The unitigs obtained after KOMB analysis from one of the Post-FMT samples were too short and fragmented to annotate functionally using SeqScreen. In lieu of this, we examined the taxa represented by anomalous unitigs with the thinking that they may indicate important organisms driving the change in host microbiome post-FMT. For unitigs identified as anomalous (and which could be classified at the genus level, See Methods), over-represented taxa were determined by the score defined in Equation 4. In Figure 6(B) we see that, in general, there is a low similarity between over-represented taxa across the samples. We still observe that for both Patients 1 and 2, the Post-FMT samples have a higher taxa similarity to Donor compared to the Pre-FMT samples (highlighted by the black box in Figure 6(B)) as captured in the anomalous unitigs despite a substantial difference in their anomaly profiles.

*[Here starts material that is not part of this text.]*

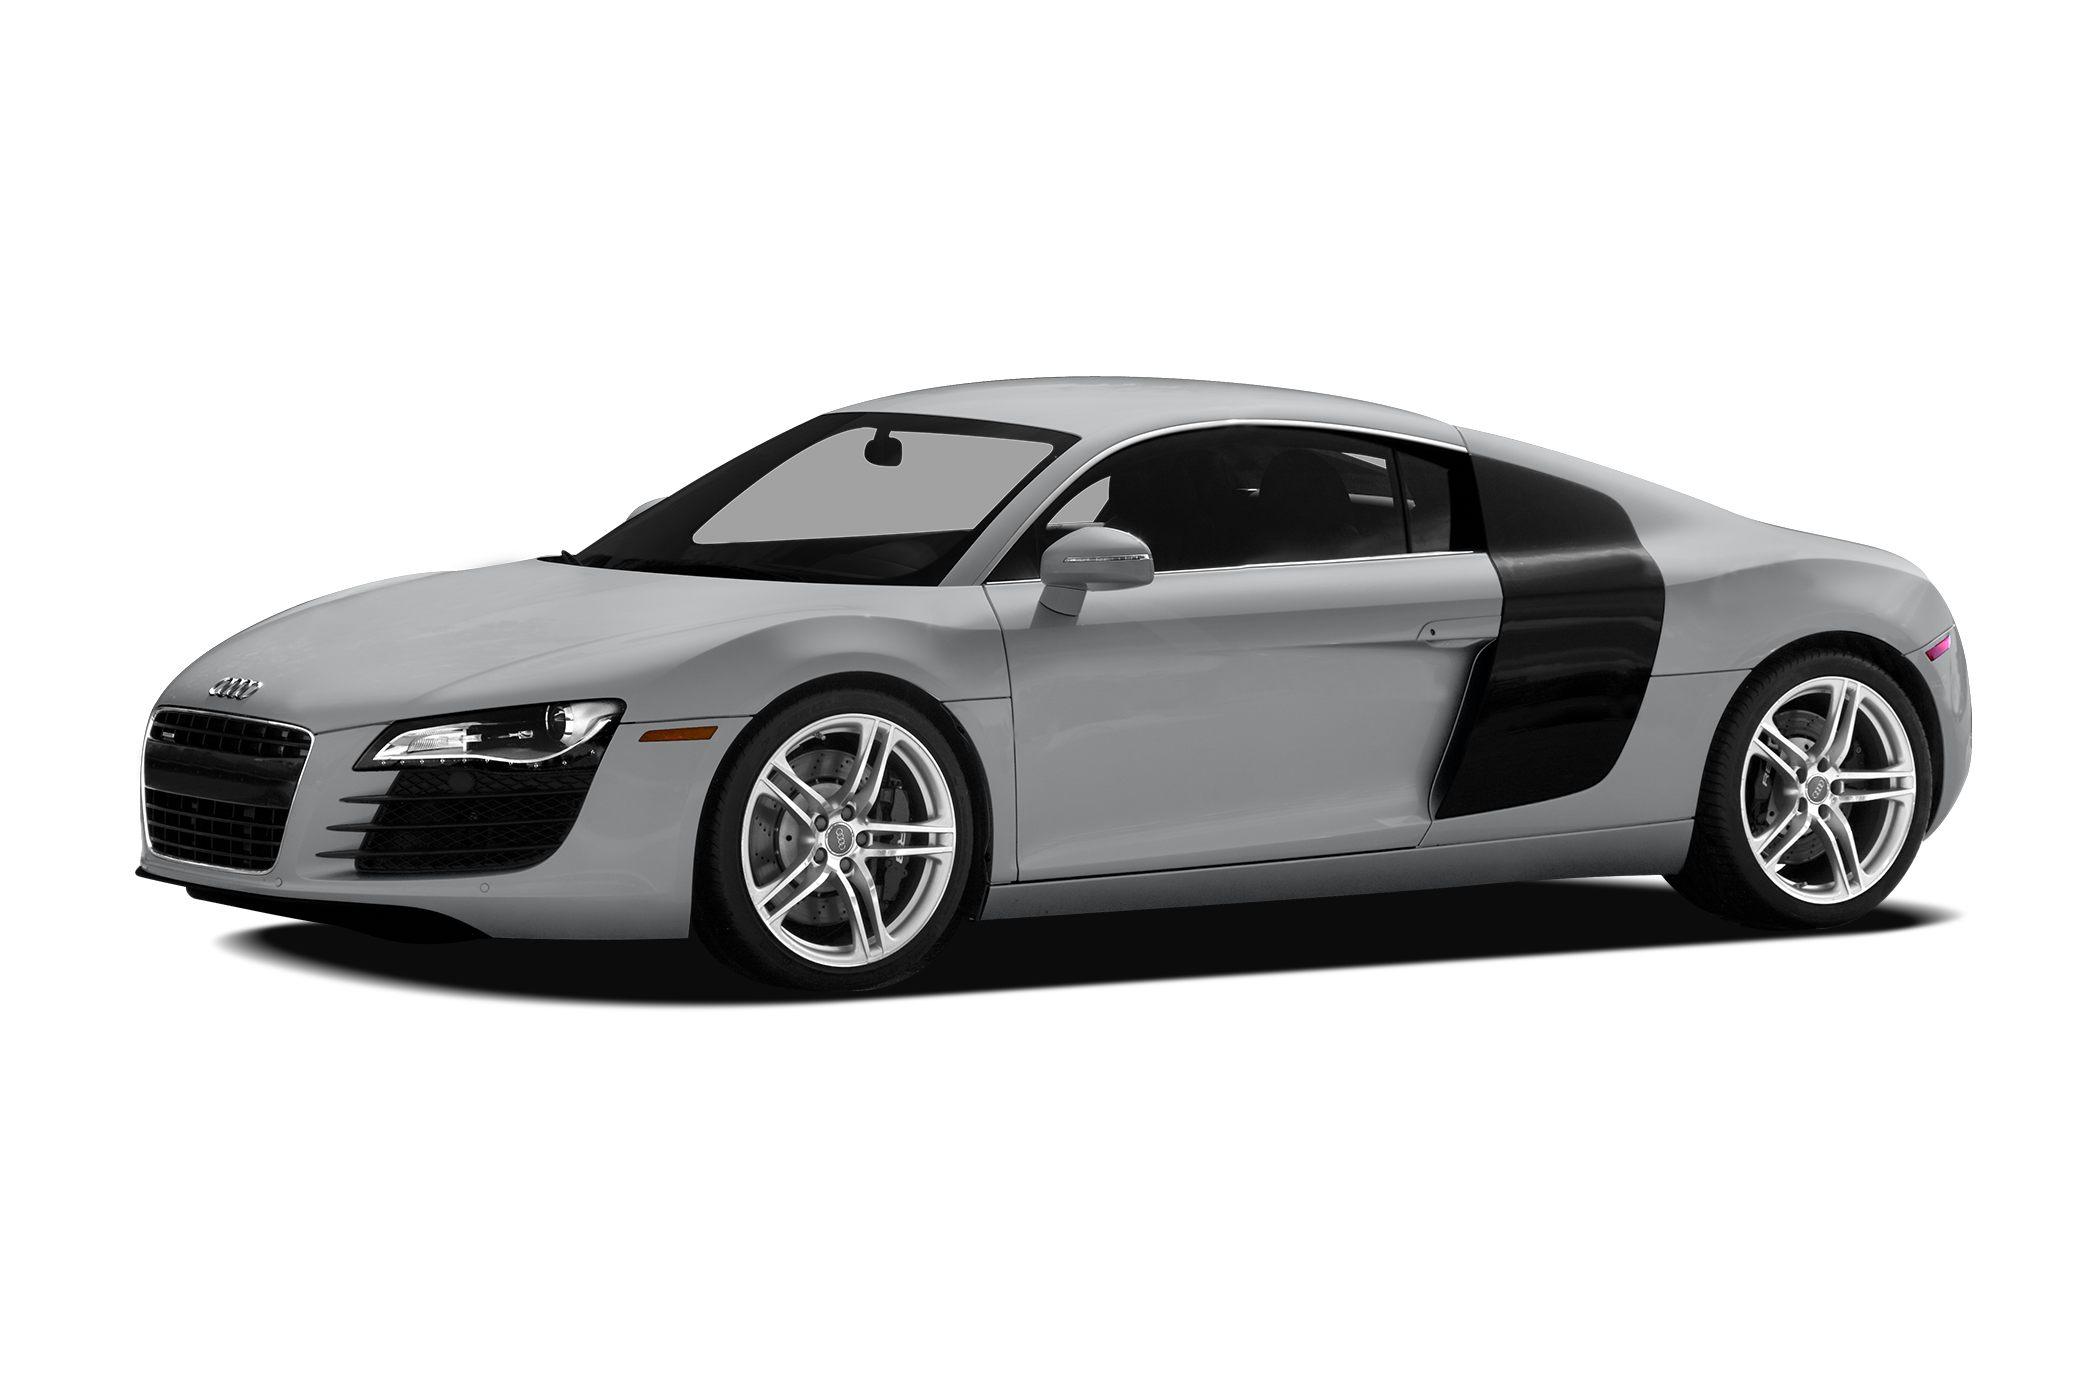 Portland Car Dealerships >> 2008 BMW M6 Reviews - Autoblog and New Car Test Drive

As seen in Figure 6(C), Pre-FMT samples had three genera in common; Akkermansia, Selenomonas and Lactobacillus whereas Post-FMT had eleven: Lactobacillus, Blautia, Veillonella, Paeniclostridium, Ruminoccocus, Oscillibacter, Paenibacillus, Turicibacter, Actinomyces, Dialister, Faecalibacterium in common. We compared the relative levels of these taxa in Pre-FMT and Post-FMT and Donor. The values in the heatmap represent the average of the Ratio of Ratios score in both patients. Compared to Pre-FMT levels, we saw a substantial increase in two taxa Akkermansiaand Lactobacillus in the Post-FMT anomalous unitigs. Akkermansia was only overexpressed in Patient 2, while Lactobacillus was found in both Patient 1 and Patient 2 at Post-FMT. Further analysis showed that Akkerman-sia was also present in anomalous unitigs in Patient 1 but at a much lower level than the background. Interestingly, previous studies have shown that higher levels of some species belonging to Akkermansia and Lactobacillus were helpful to combat Clostridium difficile infections [61, 62]. In contrast to Pre-FMT and Post-FMT Akkermansia, Selenomonas and Lactobacillus were also present in the anomalous unitigs in the Donor sample but were not over-represented compared to the other (background) unitigs.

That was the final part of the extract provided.